### [Your objective]
All of the data should be copied exactly, with the pictures left out.

### [Recorded information]
Segment Open
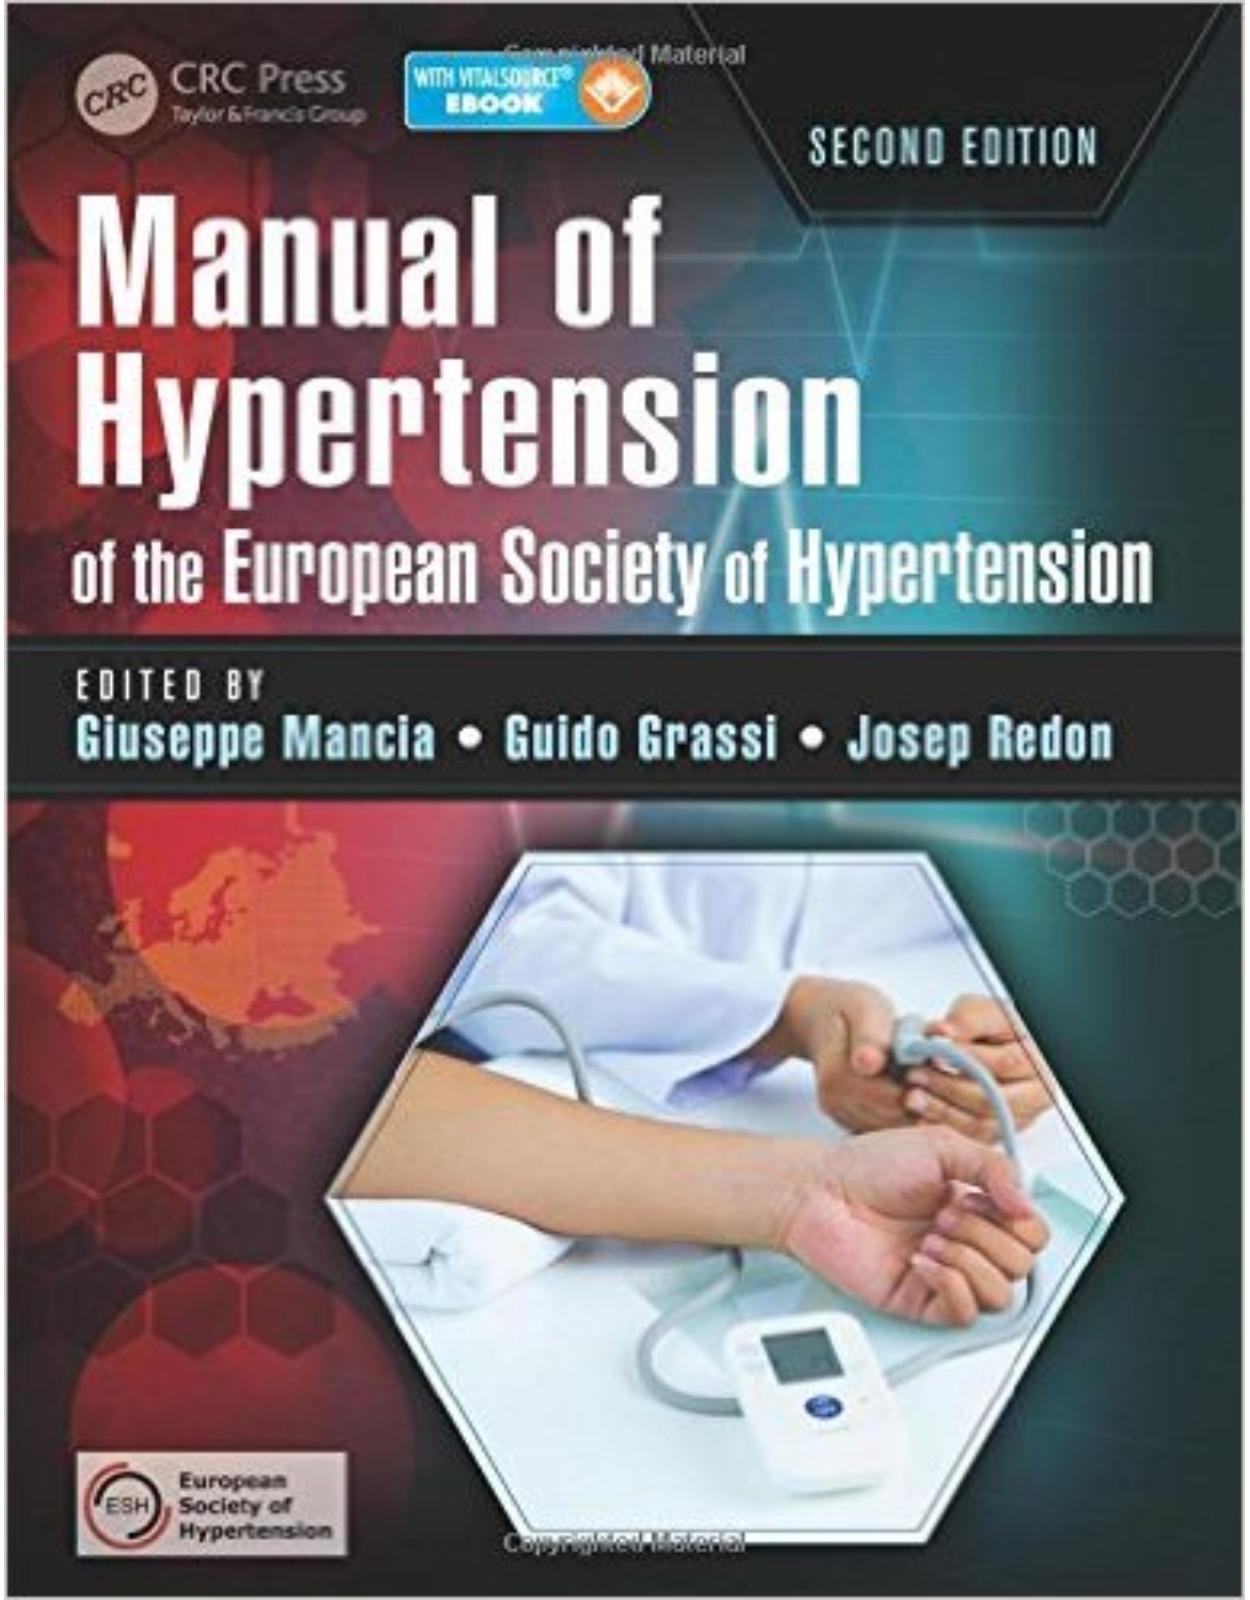 Manual of Hypertension of the European Society of Hypertension, Second Edition 
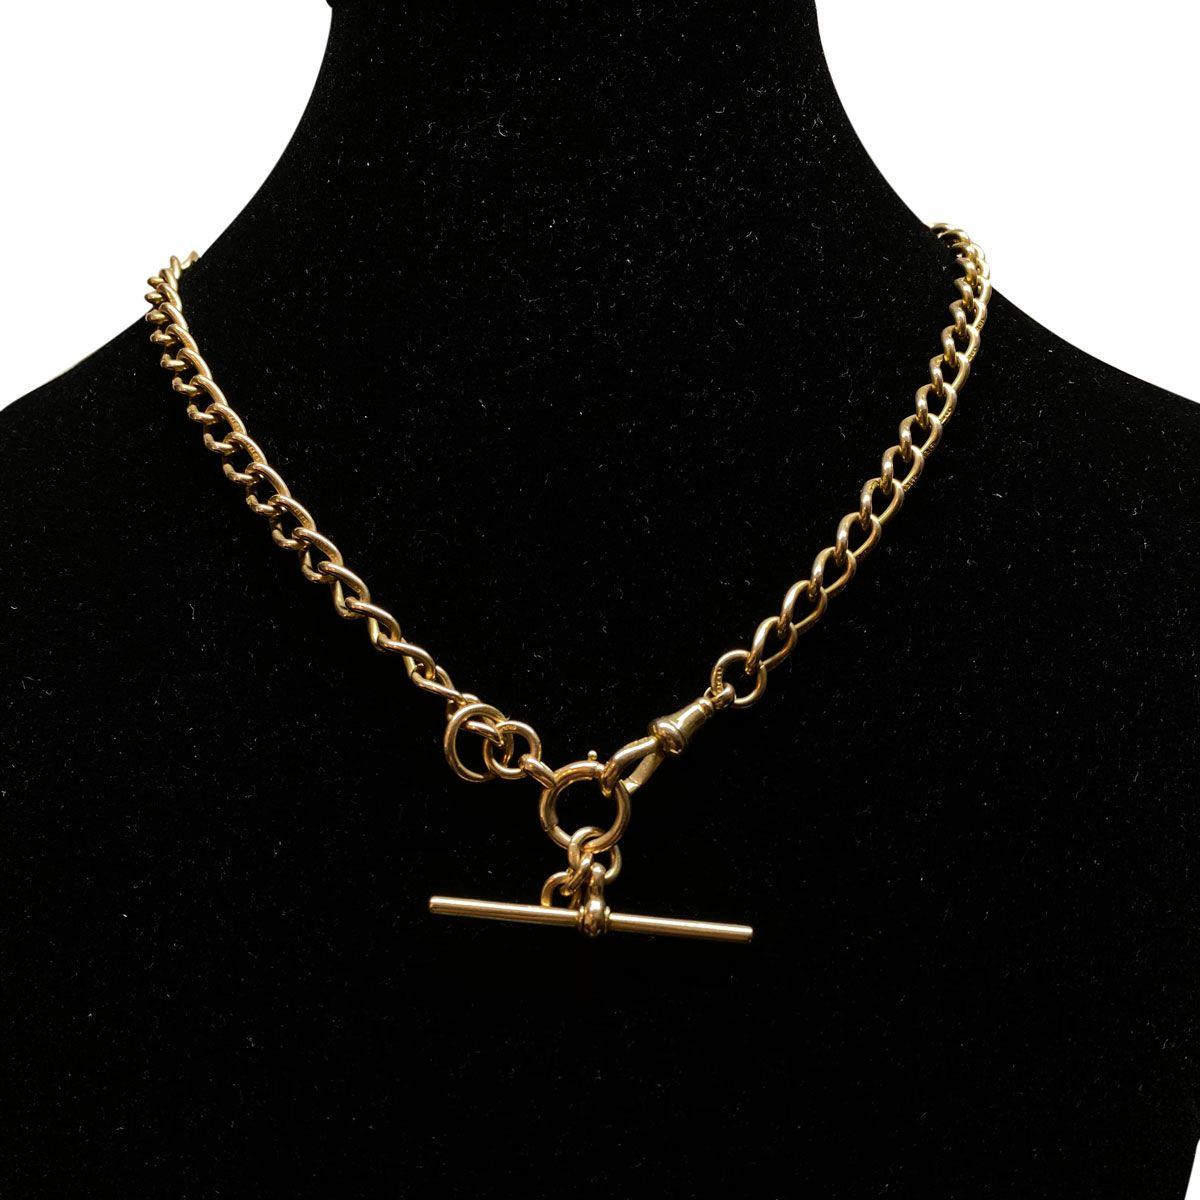 Women's 15 Karat Yellow Gold English Fob Curb Link Chain Necklace
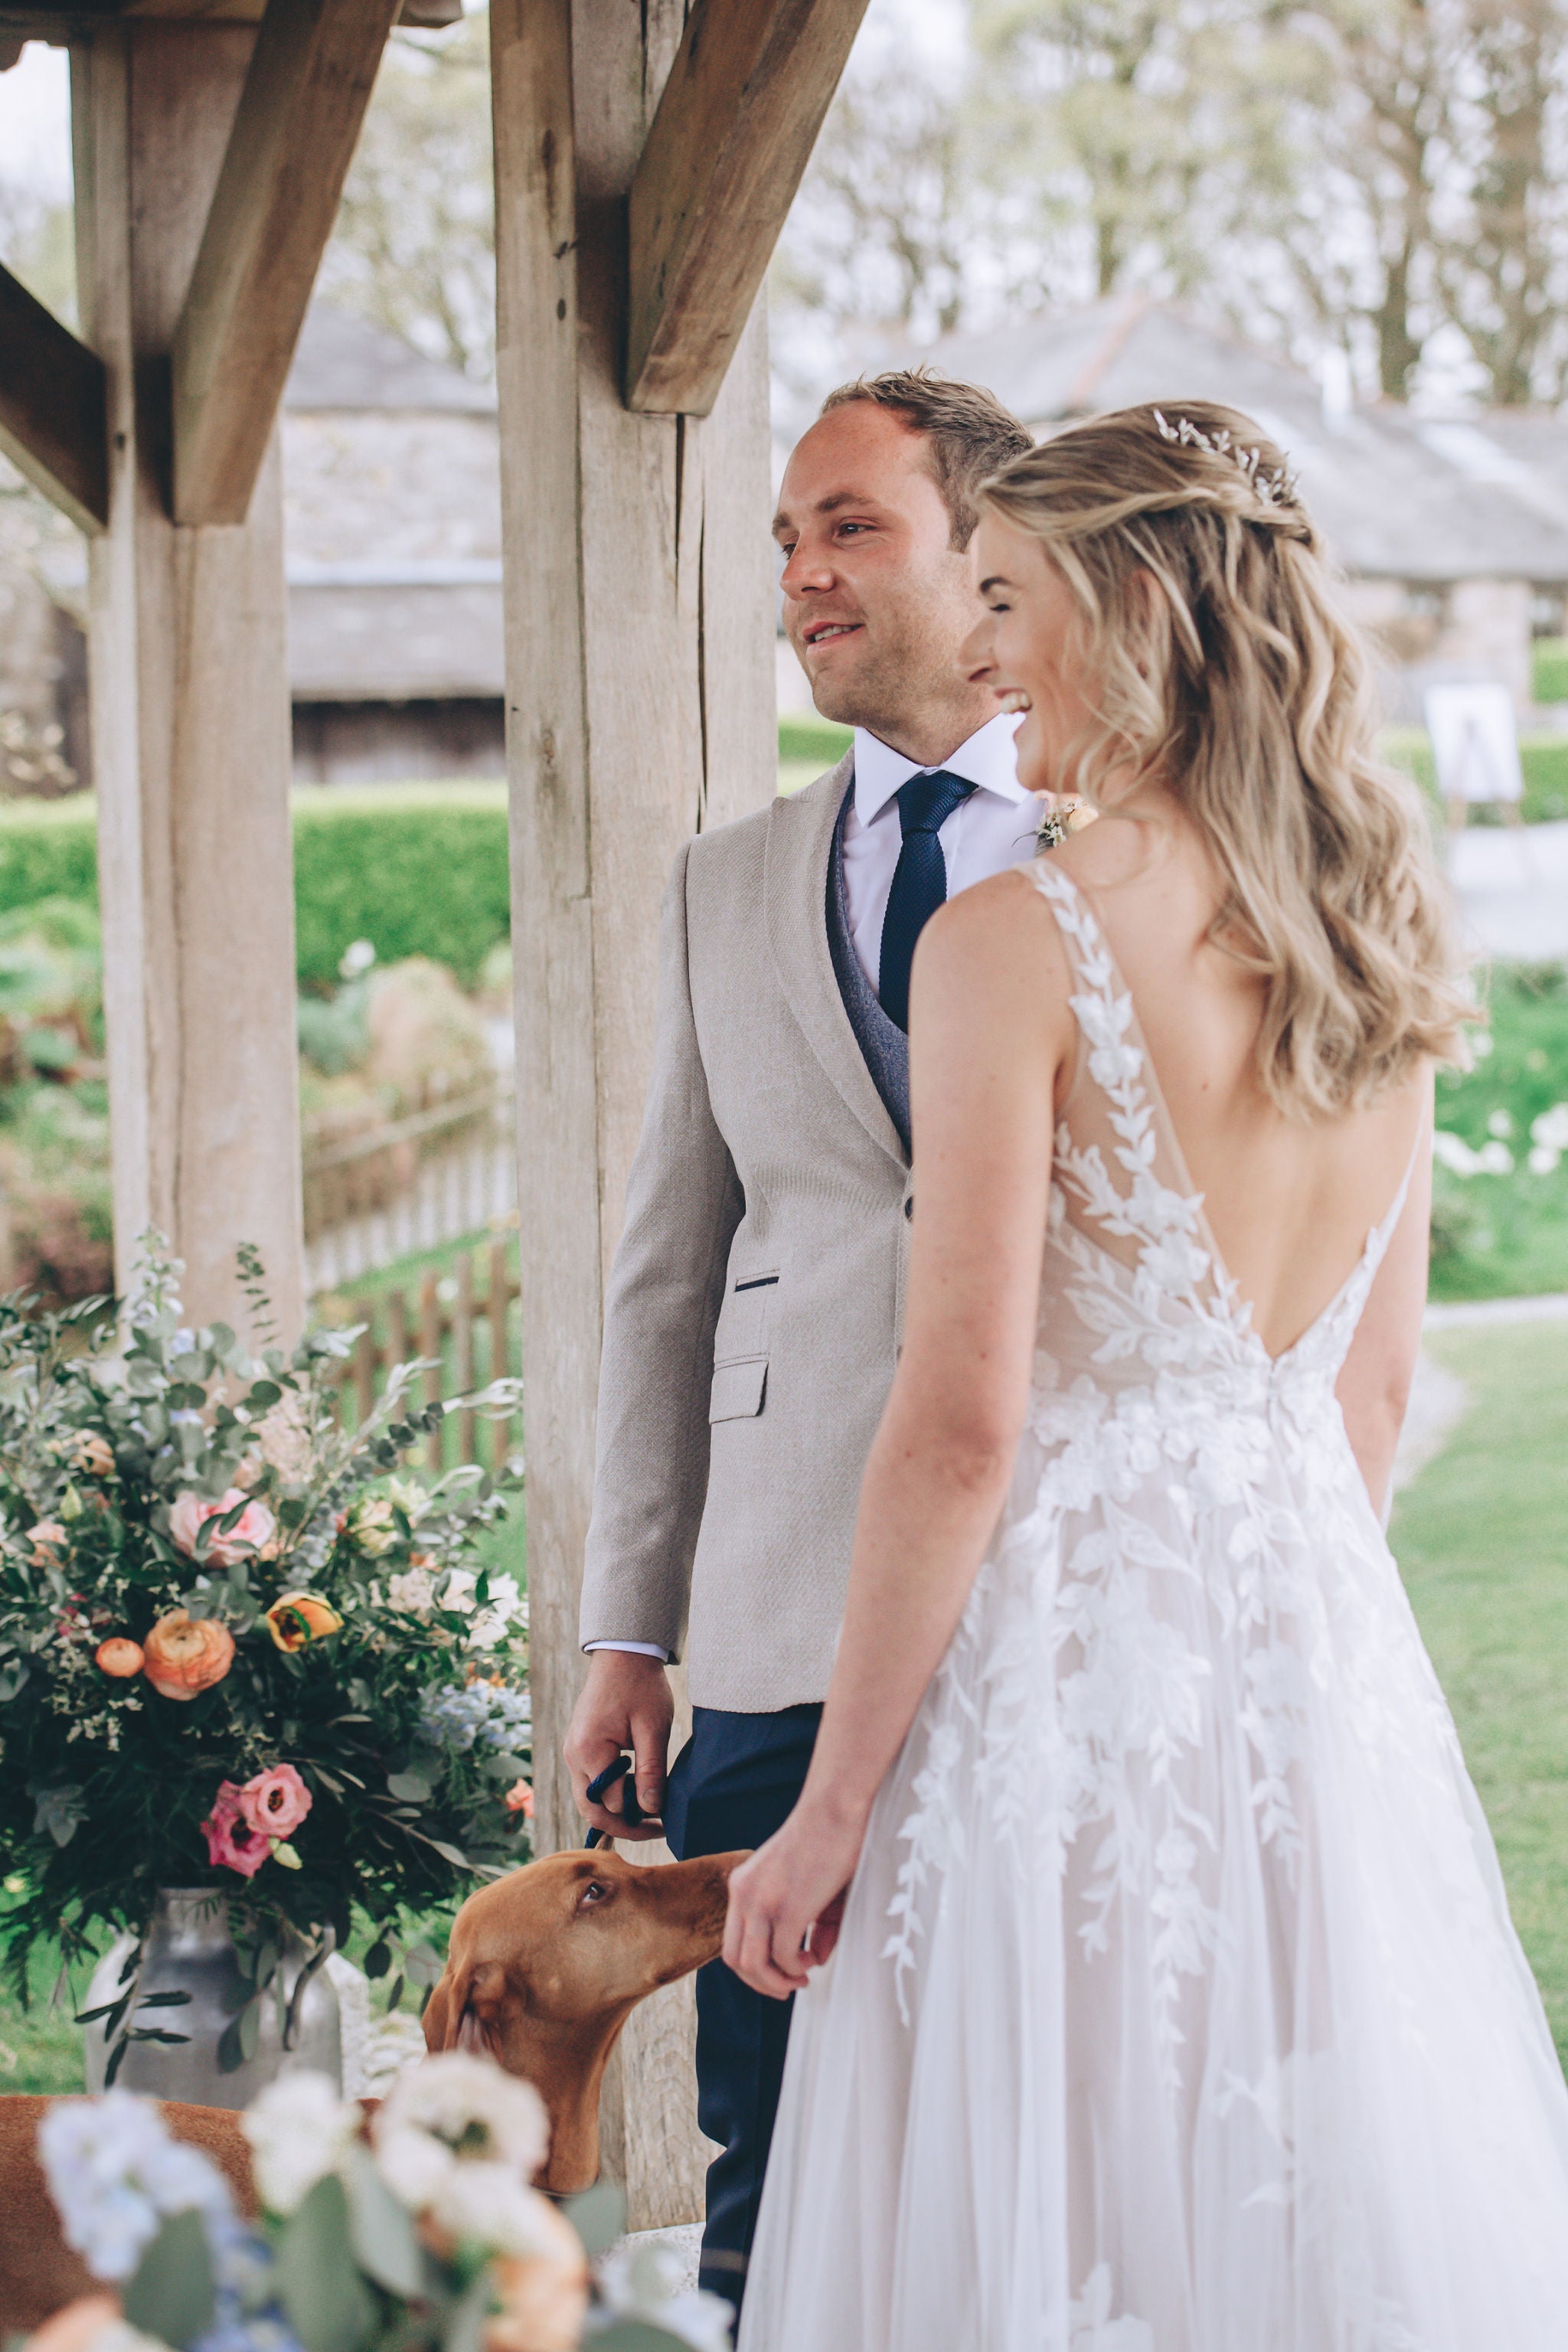 Vows and smiles at Trevenna wedding ceremony
Segment Closed
### [Response to this exercise]
 Manual of Hypertension of the European Society of Hypertension, Second Edition 
 Women's 15 Karat Yellow Gold English Fob Curb Link Chain Necklace
 Vows and smiles at Trevenna wedding ceremony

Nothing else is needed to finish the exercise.